More of Parisgirl’s Favorite French Curse Words & Phrases
C’est le bordel. = This is a mess.
The literal translation here is “this is a brothel,” but colloquially it’s taken on the meaning of something being a big mess. It may not be vulgar, but it’s really not for polite company – especially if you combine it with “foutre” and say something is a “foutu bordel,” or a “fucking mess.” If you want to say something’s a mess without curling anyone’s hair, go with “C’est le bazar.”
J’en ai ras-le-bol. = I’m fed up.
This isn’t really a swear word, since it’s not considered vulgar, but it’s fun for its literal meaning. The idea you’re conveying with this phrase is “I’ve had it up to here,” but the literal translation is the much more colorful “up to the rim of the toilet bowl.” The slightly more polite way to say this, if you’re not sure whether grandmere has delicate sensitivities, is “J’en ai assez,” or “I’ve had enough.”
Peter des plombs. = To blow a gasket.
While the verb “peter” literally means “to fart” (and it can absolutely be used to describe passing gas), this phrase stands in for English phrases like “losing it,” “having a hissy fit,” or “blowing a fuse.” What it literally means, however, is “farting lead.” Which sounds awfully uncomfortable, frankly. I can see why someone would be having a fit about that.
When Swearing in Paris is Okay & When it Isn’t
As mentioned, swearing in Paris is something you’ll want to approach with caution – especially if you don’t speak the language well or know the people you’re socializing with. But everyone makes mistakes, and even television announcers and politicians get caught saying naughty words they shouldn’t be saying.
French President Sarkozy tells a citizen who won’t shake his hand to fuck off:
French TV announcer calls a colleague a whore during an accidentally-televised station break:
What’s more, French parents are much more apt to let it slide when they hear their kids swear than most parents do in the United States. In fact, one parent told me that he allowed his kids about ten minutes to use all the swear words they could think of at the end of the dinner hour.
Maybe this sounds weird, but here in France, it’s not a question of whether or not you should use swear words as much as it’s the question of using swear words in the right context and in the right situation. When you figure that a vast portion of the French vocabulary was wiped out by the Pleaides (or the French Academy of Letters) when French literature entered its classic era, this simple act of allowing the language to be exercised and spoken from the most vulgar levels to the most sublime might be considered the key to keeping a language rich and varied.

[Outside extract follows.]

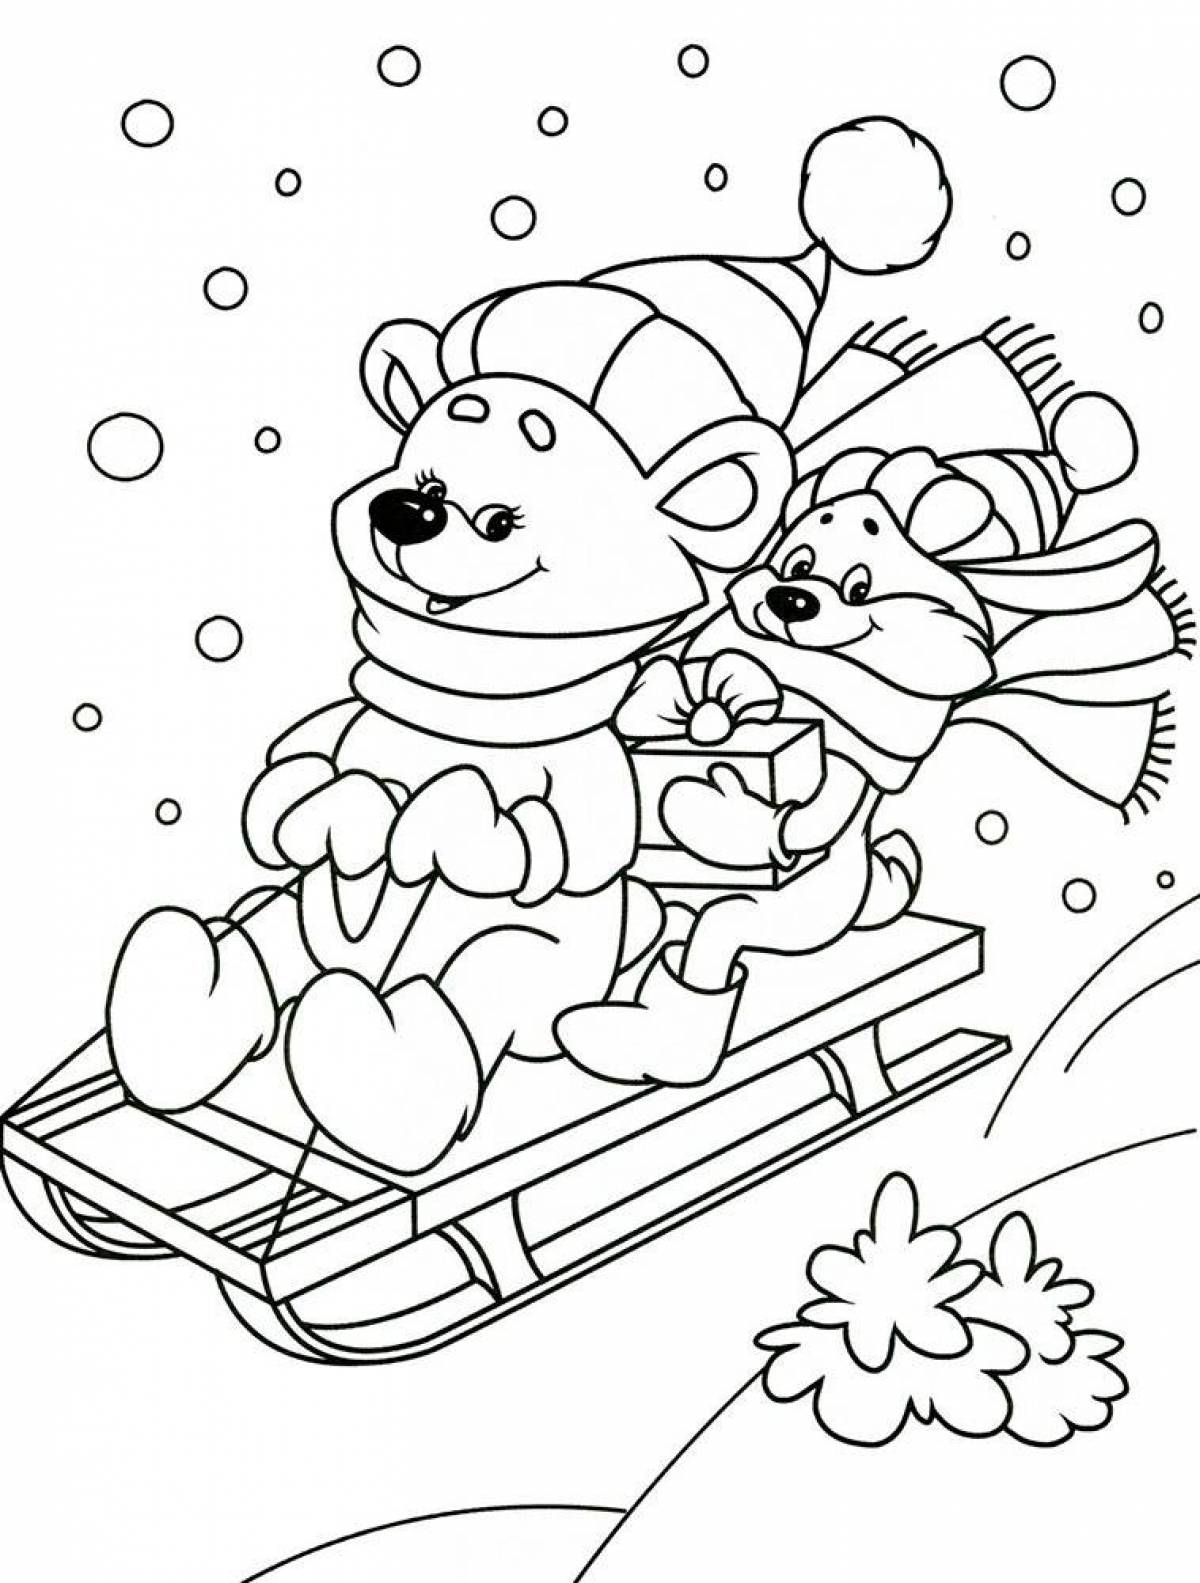 Веселая раскраска зима для детей 4-5 лет

So, how do you, as an outsider, know when it’s okay to swear in French and when it’s not?
As you’ve probably guessed, your best bet is to avoid using these colorful words until you know you’re around people who won’t be offended by them.
Some Pronunciation Tips for French Swear Words
When you don’t know a language well, mispronouncing a word here and there is something that’s going to happen. But in some cases, mispronouncing a word can make something that’s perfectly polite sound distinctly impolite (or vice versa). In French, consonants left out can be your undoing.

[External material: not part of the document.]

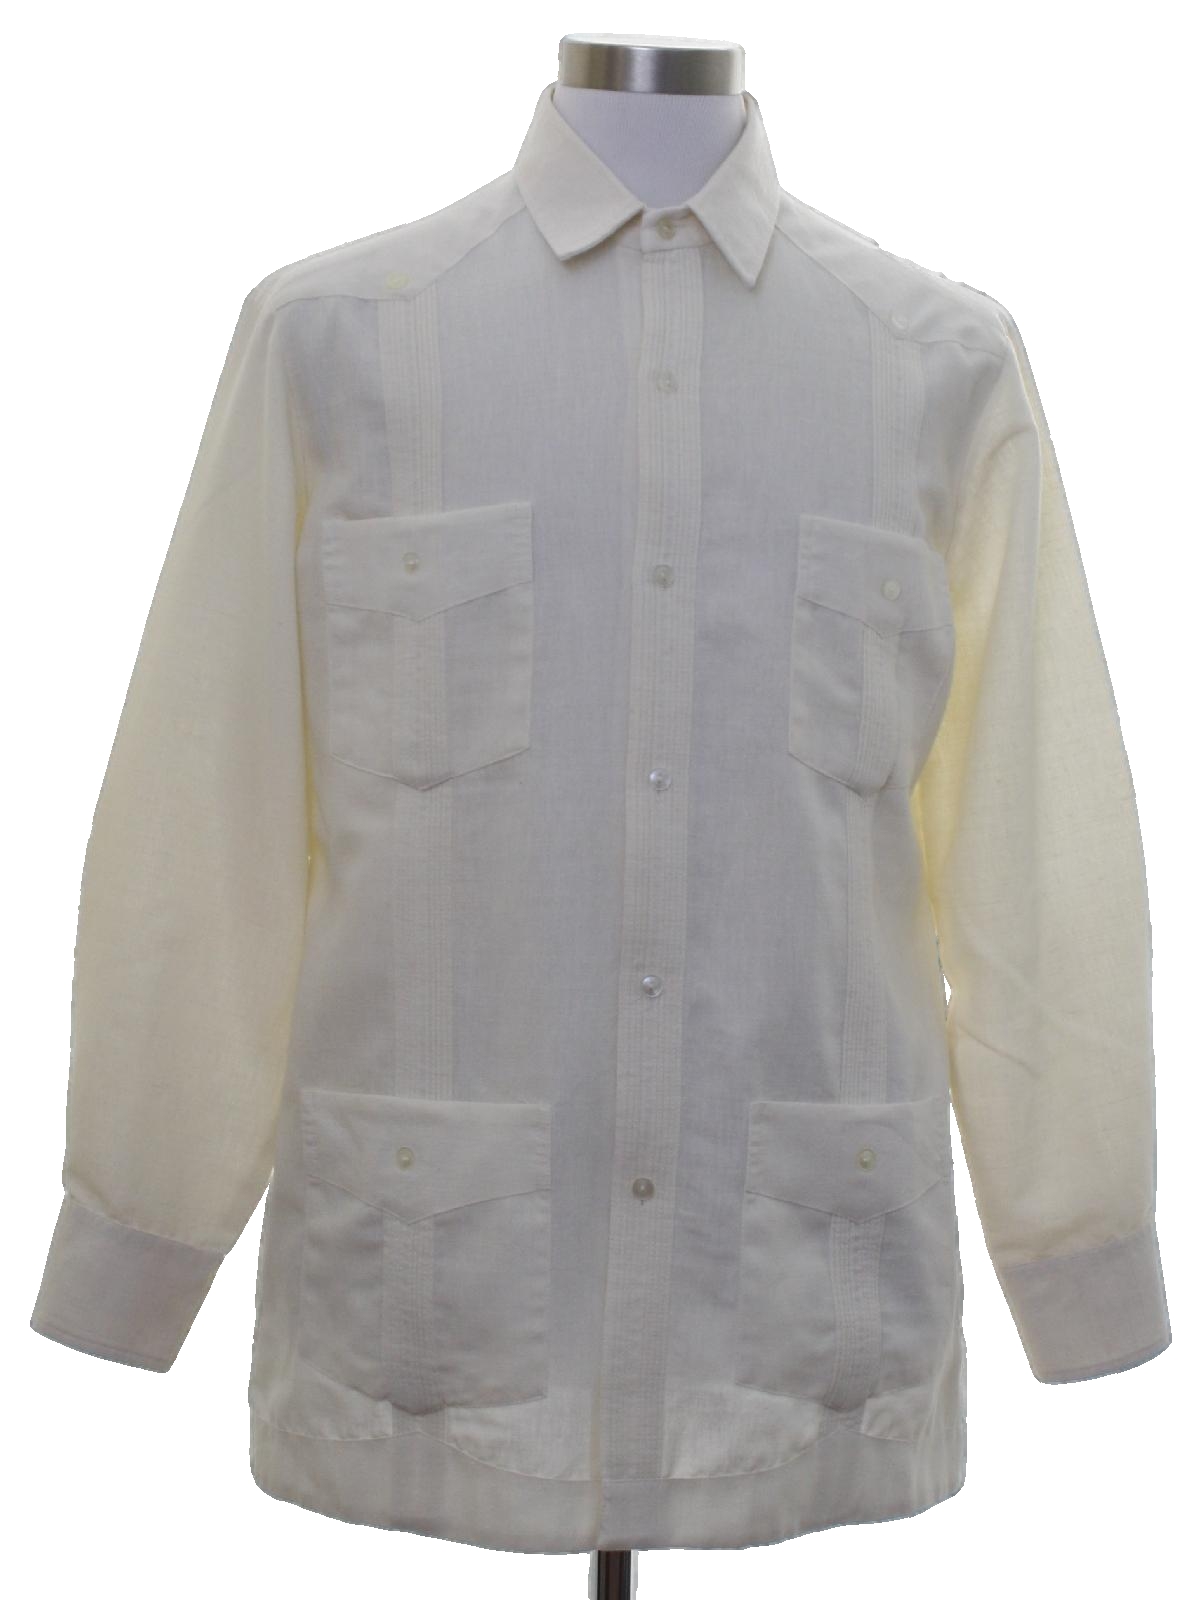 Retro Eighties Guayabera Shirt: 80s -Verano- Mens Cream background ...

Take, for instance, the totally acceptable, “Faite le compte.” This phrase means “to add up the numbers,” like on a restaurant bill. The word “compte” can sound awfully similar to “con,” which we saw above means “ass” or “cunt” – and the difference in meaning comes down to whether you say the “t” sound or not.
A French friend was very surprised when he cut his finger and I asked him if he wanted a ‘Band-Aid’ – he didn’t hear the ‘d’ and thought I had said ‘bander’ which means to have a hard-on. (The French word for Band-Aid is ‘pansement.’)
Then, of course, there are the fun words in French that sound bad to English-speaking ears but are, in fact, completely normal words. A “phoque,” for example, is simply a seal – although the word is pronounced like “fuck.” And many people still get a good giggle out of ordering the fizzy lemon drink called Pschitt.